Because teenagers are teenagers and their brains are developing, parents need to assist them, Holton said.

“First and foremost is modeling,” she said. “If a parent tells them one thing but does the opposite, they watch that. Everybody needs a bit of a break from technology, and parents definitely have to model that by showing we don’t have to be on the phone all the time.”

Parents also need to make sure children are not using social media as an escape, Holton said. They should know who they are talking to, what they are doing and whether that is helpful or harmful. Then, they need to set and explain rules.

“Of course, the grown-ups have to follow those rules too,” she said.

Taking away social media is probably one of the most used punishments, Singer said.

“It used to be ‘you’re grounded’ or ‘you can’t go outside,’ but that doesn’t work these days,” he said.

Singer said there are things parents can do to monitor use: know what apps are on the phone, know what those apps do and know what the risks are for those apps.

Parents also should know how kids are using those apps, he said, and websites like Common Sense Media have app reviews.

Flannery said once you give a 16-year-old access to the World Wide Web and all that’s on it, you have to remember not everything on it are things you want kids exposed to.

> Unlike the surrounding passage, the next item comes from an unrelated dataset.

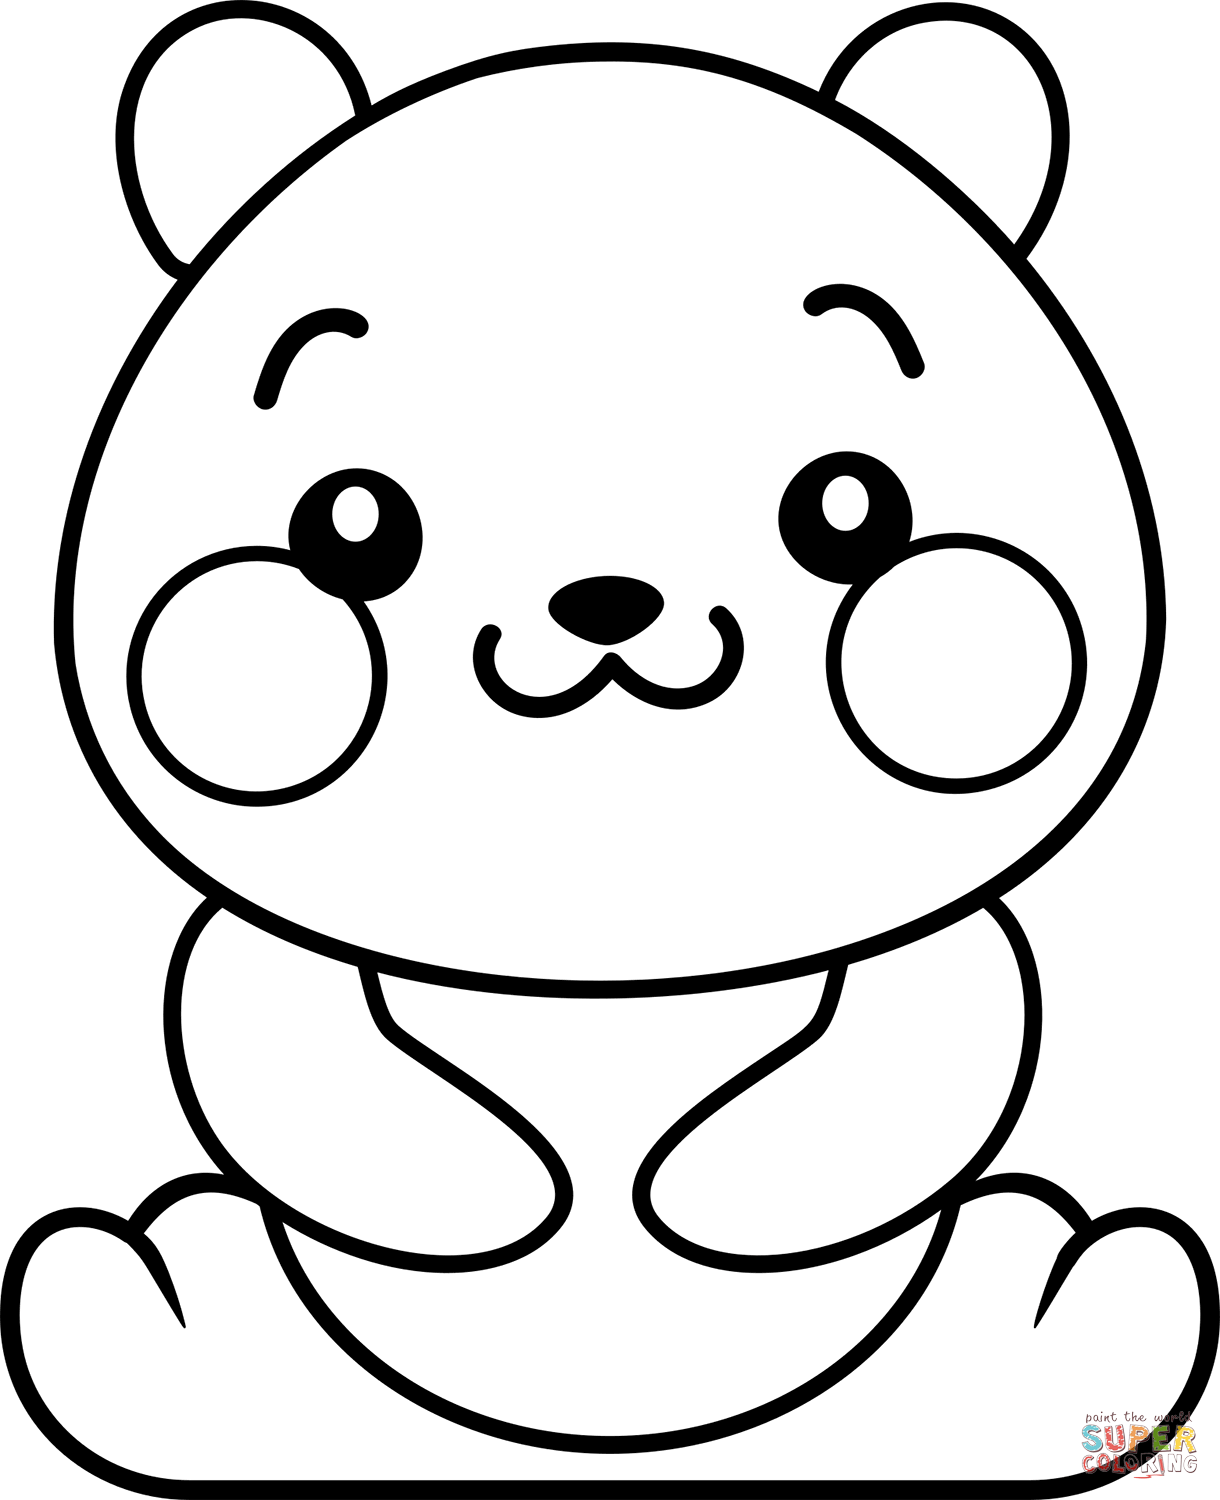 Cute Panda coloring page | Free Printable Coloring Pages

They have to be aware what their kids are looking at.

The keywords are awareness and monitoring, he said.




I think our responsibility as parents is to recognize how our kids are doing. If they're spending a lot of time on the Internet and they seem depressed, ask what's going on. Always set a time in the evening to unplug.


“Parents should exert controls depending on the age of the child,” Flannery said. “They should monitor what social media is used and the time it’s used. First they need to make sure it’s appropriate.”

“I think our responsibility as parents is to recognize how our kids are doing. If they’re spending a lot of time on the Internet and they seem depressed, ask what’s going on. Always set a time in the evening to unplug. All those things matter.”

It’s OK to take away the phones from time to time, and always know what their passwords are, he said.

When it comes to apps that can improve quality of life, Singer pointed to the Virtual Hope Box, an app developed by the military for soldiers.

“It takes the old idea of putting good memories in an old cigar box—things like pictures, ticket stubs, things we used to do, things that made you happy, things that gave you hope,” he said.

The app allows that same collection of good memories and keeps them online.

“It allows you to collect things that are very personal and very life affirming,” Singer said. “If you’re feeling sad and wonder if this world is for you, you can open it up, look at them and you feel better.”

“And it’s something you carry with you all the time because it’s on your phone.”